(Supplied material):
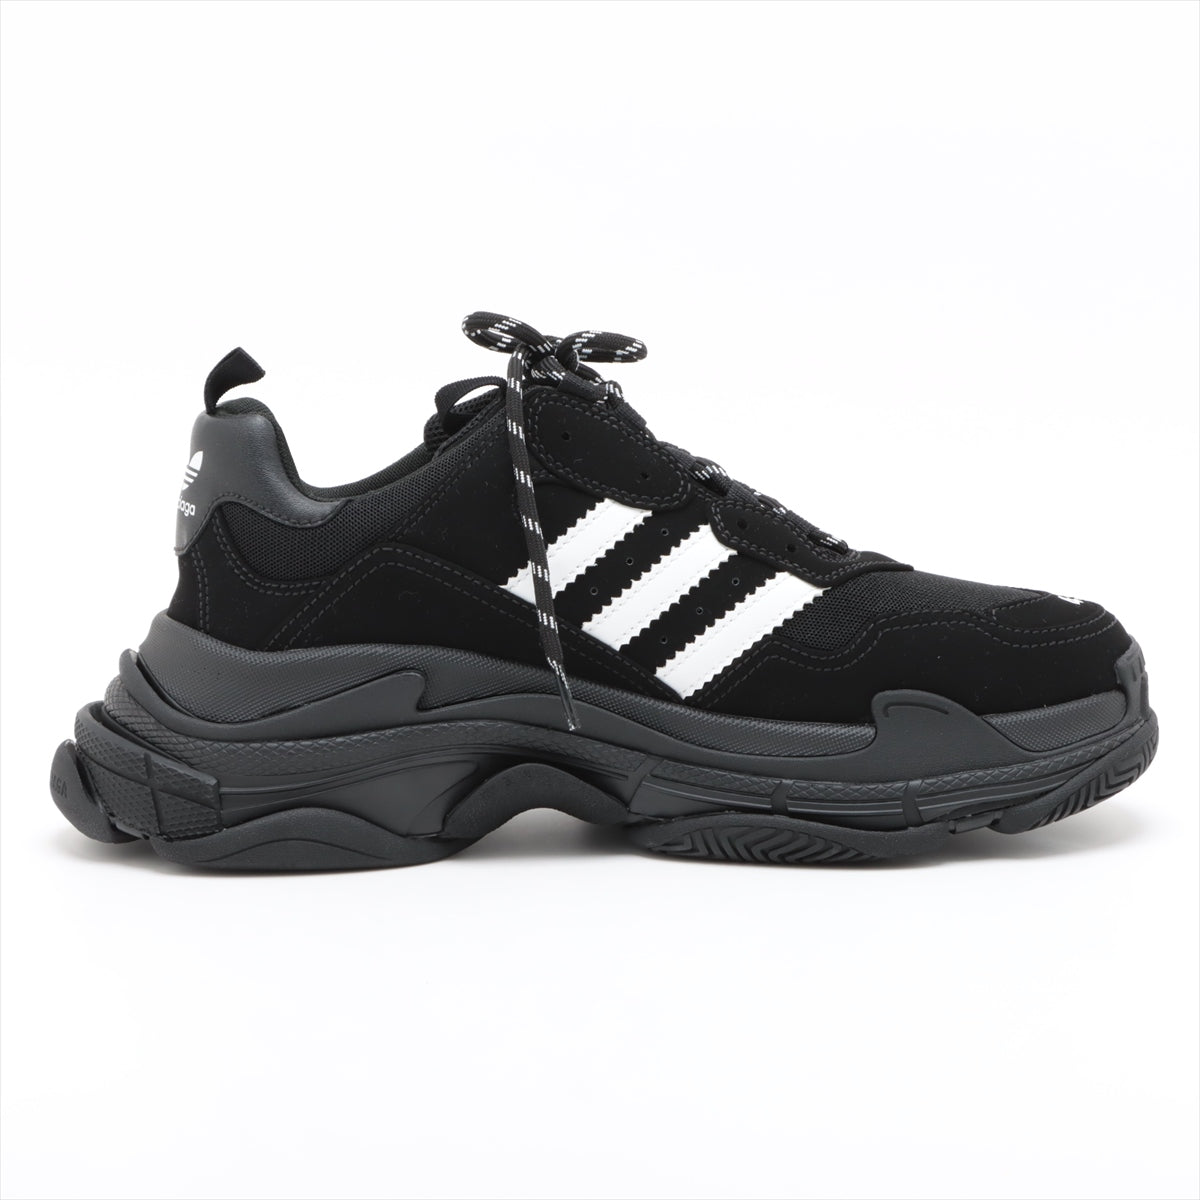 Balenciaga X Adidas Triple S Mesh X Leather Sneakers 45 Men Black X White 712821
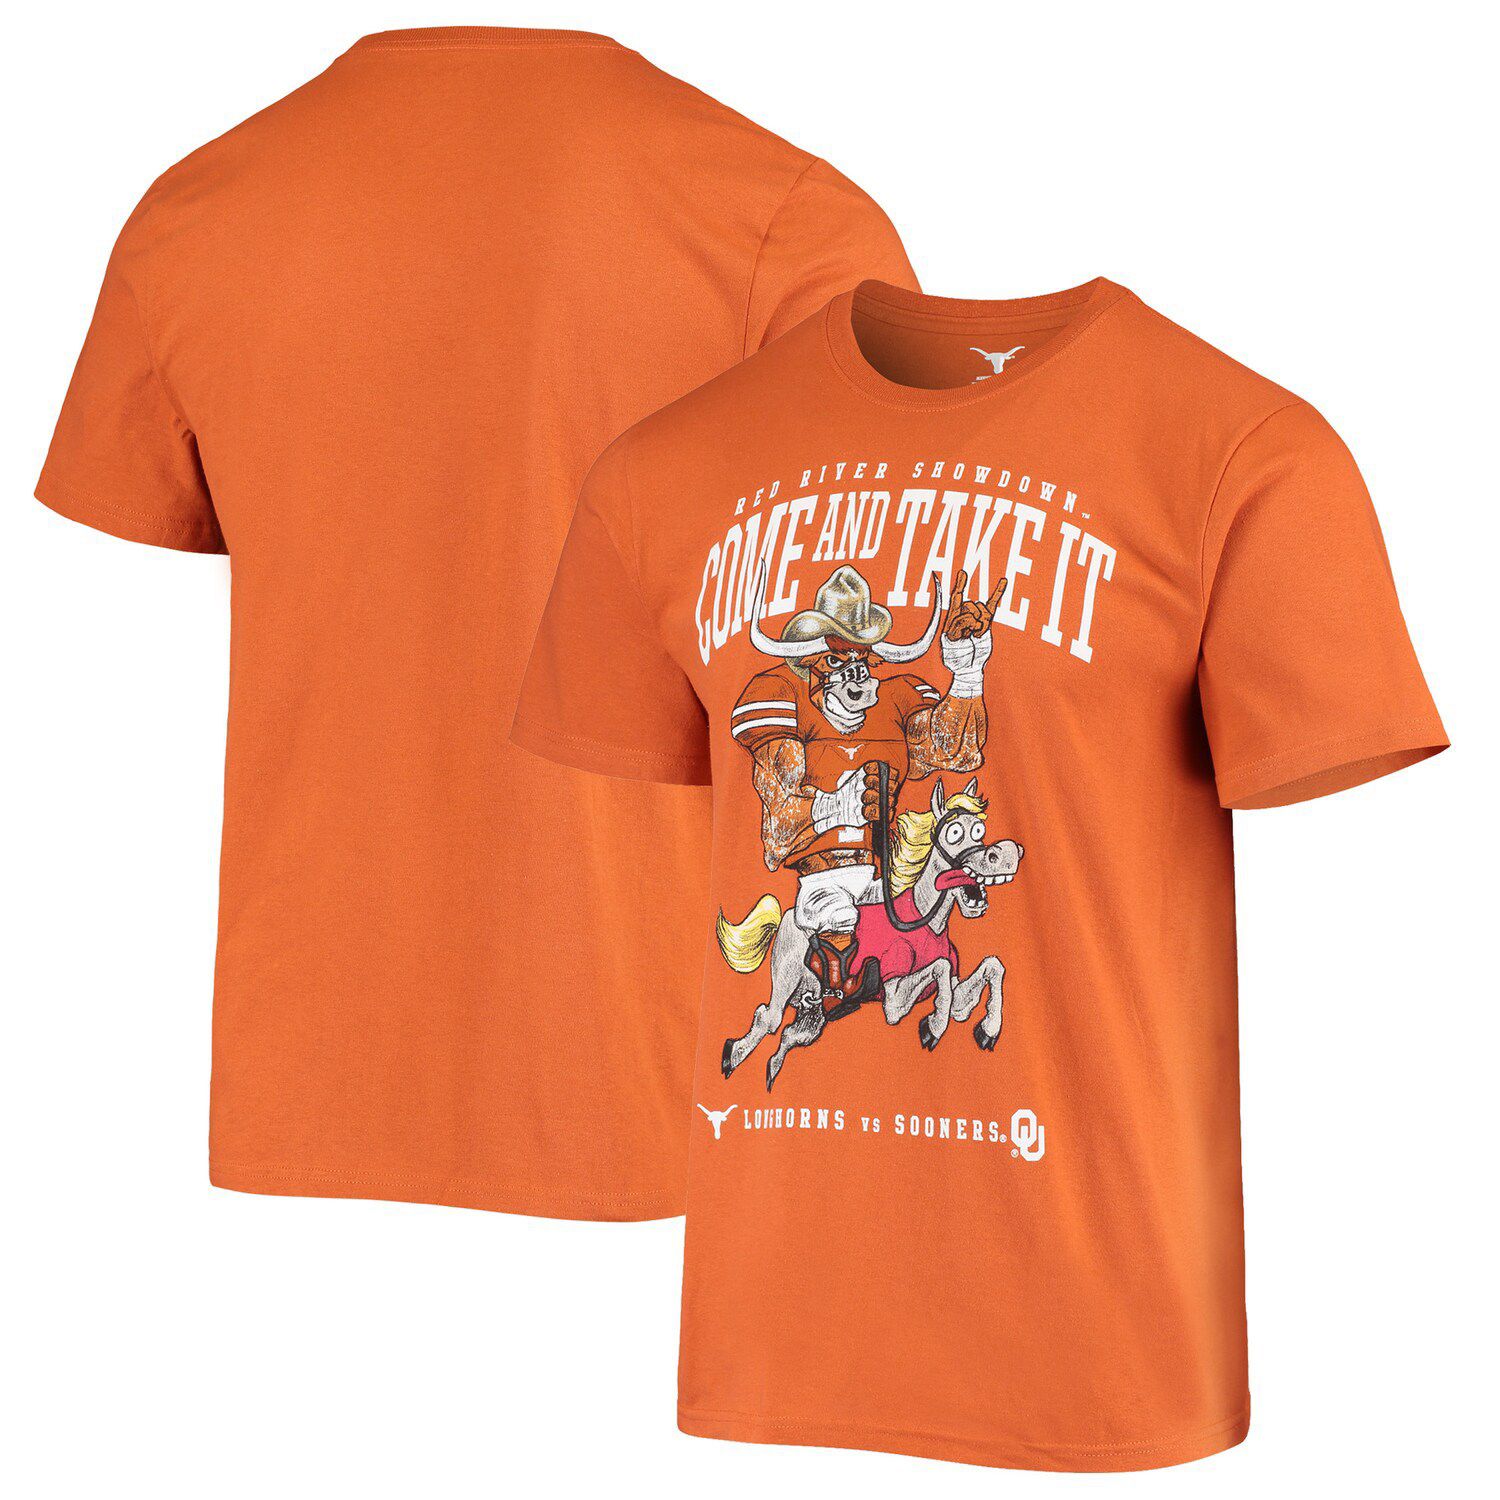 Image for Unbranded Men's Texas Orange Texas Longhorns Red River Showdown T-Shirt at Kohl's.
==
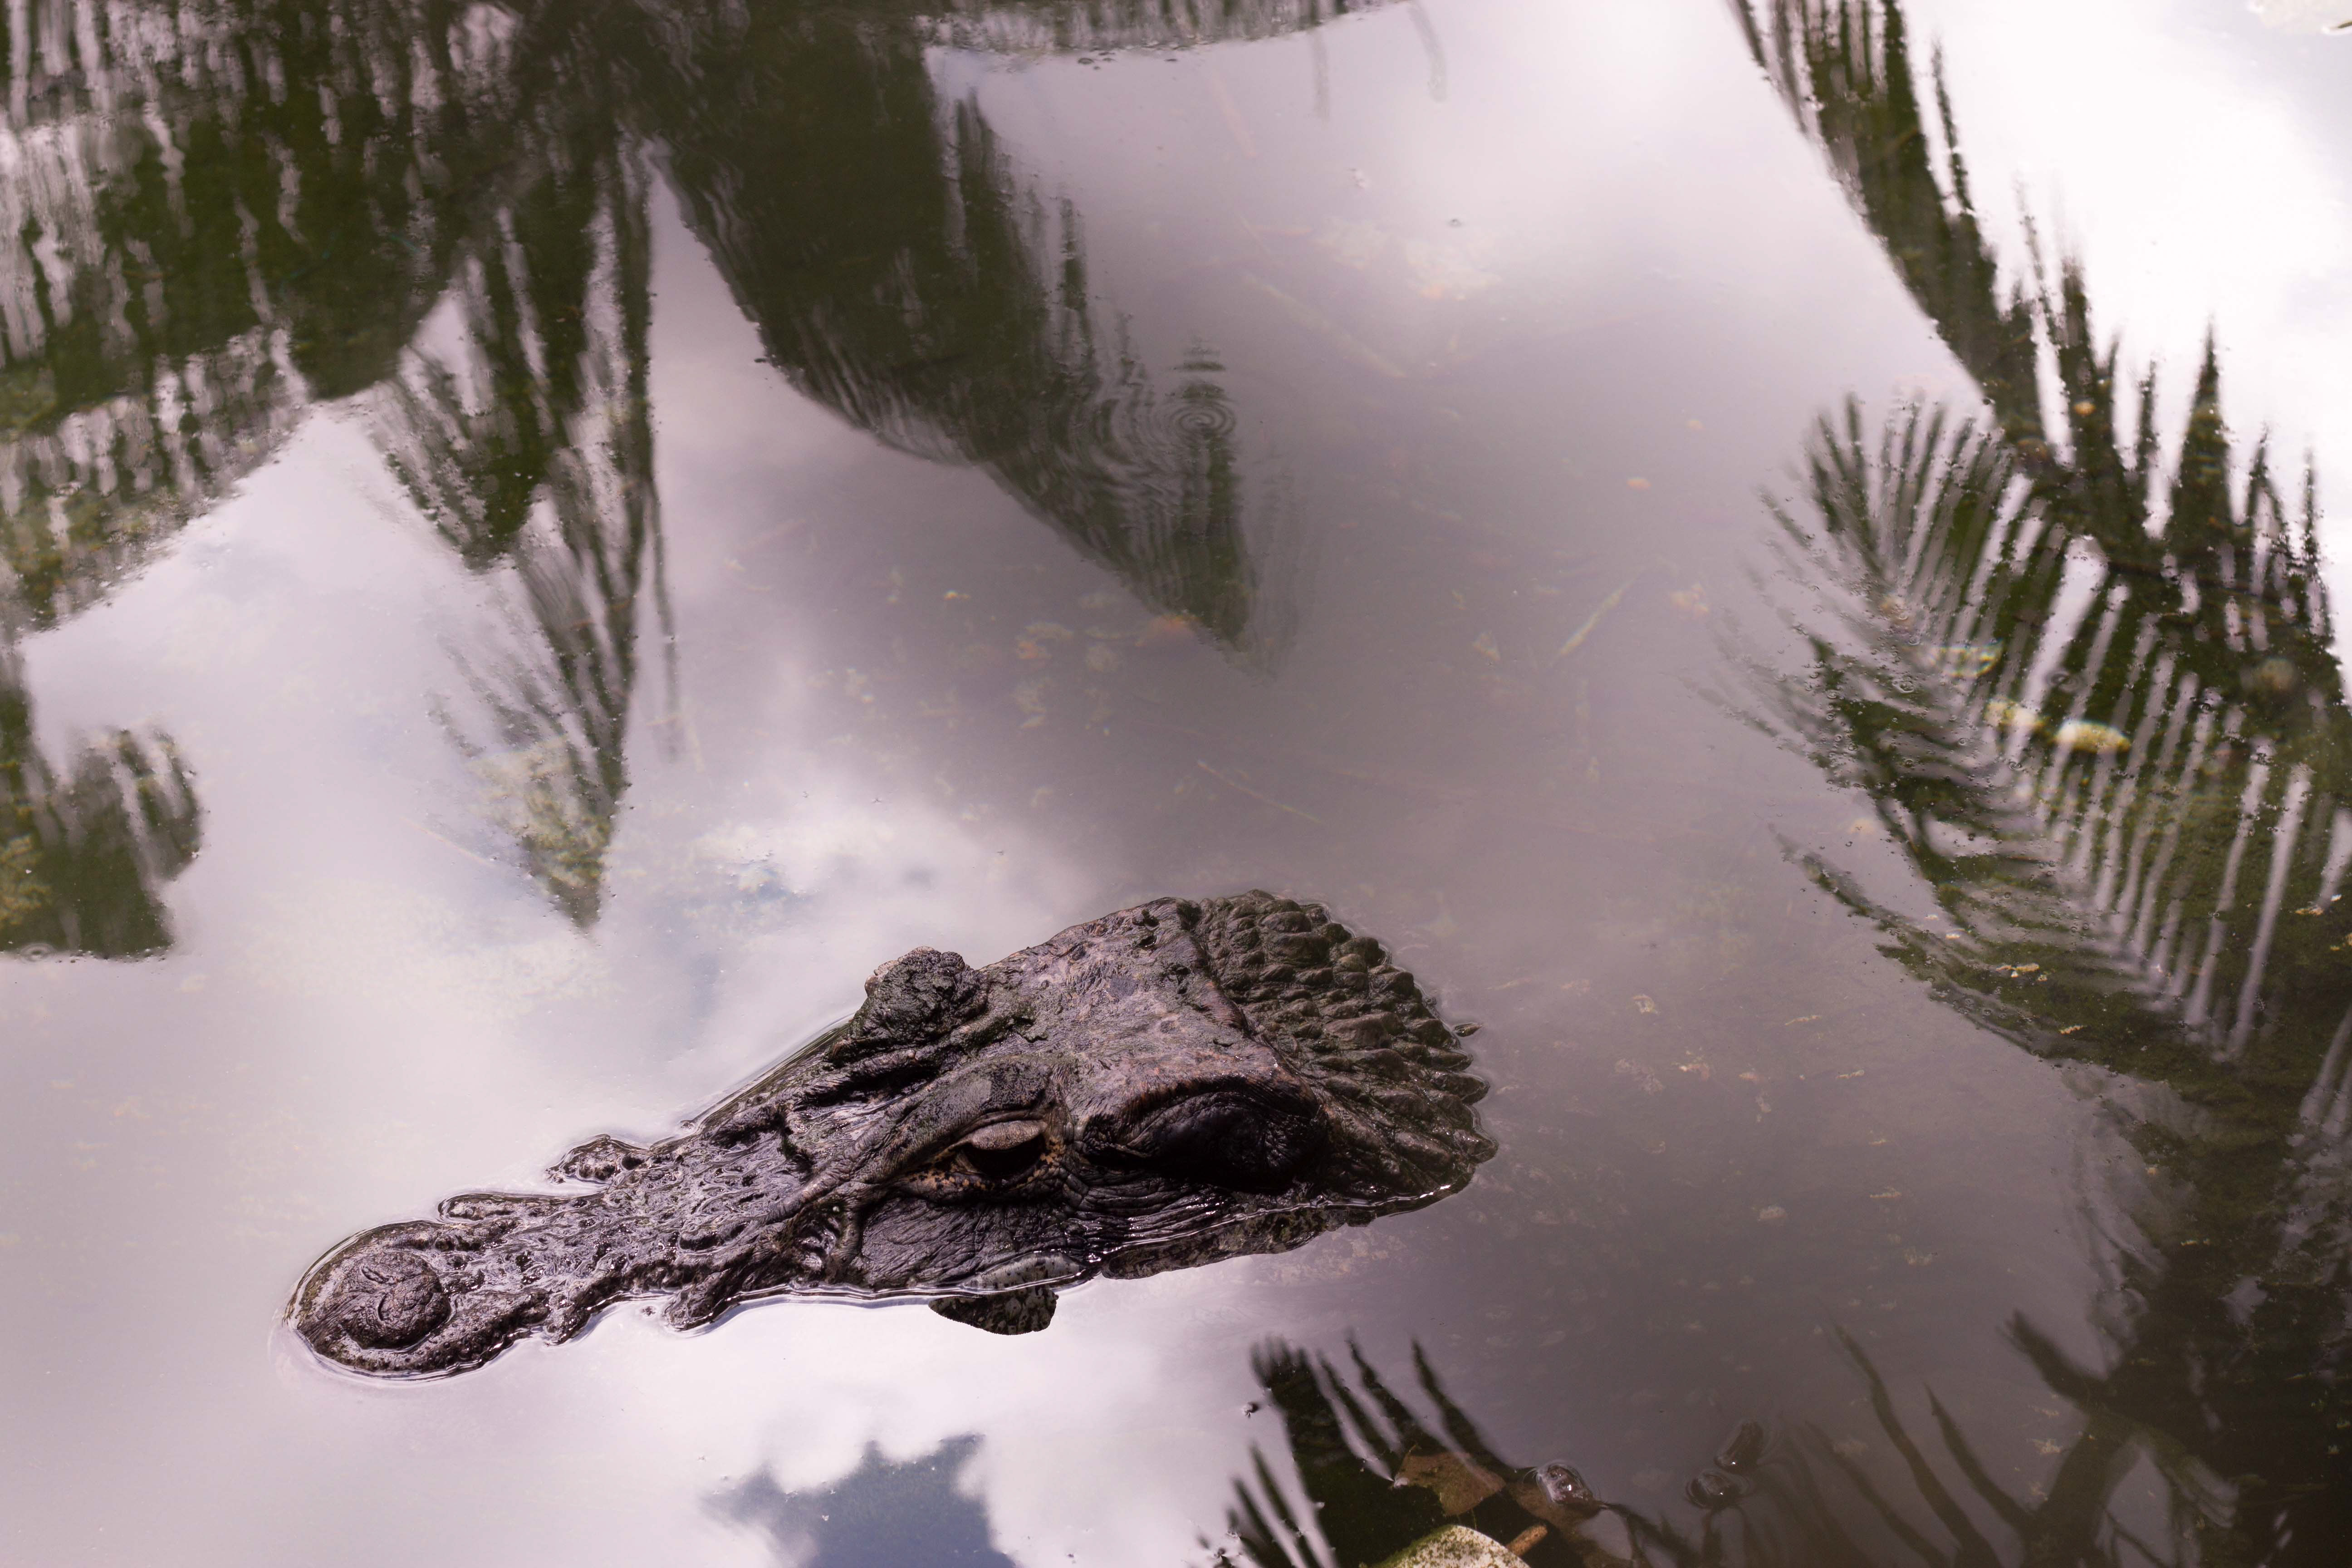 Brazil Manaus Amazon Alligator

(Exercise aim):
Starting with the line that has "Balenciaga X Adidas" and going on through the line that has "Image for Unbranded", transcribe the records above exactly, but skip the pictures.

(Response):
 Balenciaga X Adidas Triple S Mesh X Leather Sneakers 45 Men Black X White 712821
 Image for Unbranded Men's Texas Orange Texas Longhorns Red River Showdown T-Shirt at Kohl's.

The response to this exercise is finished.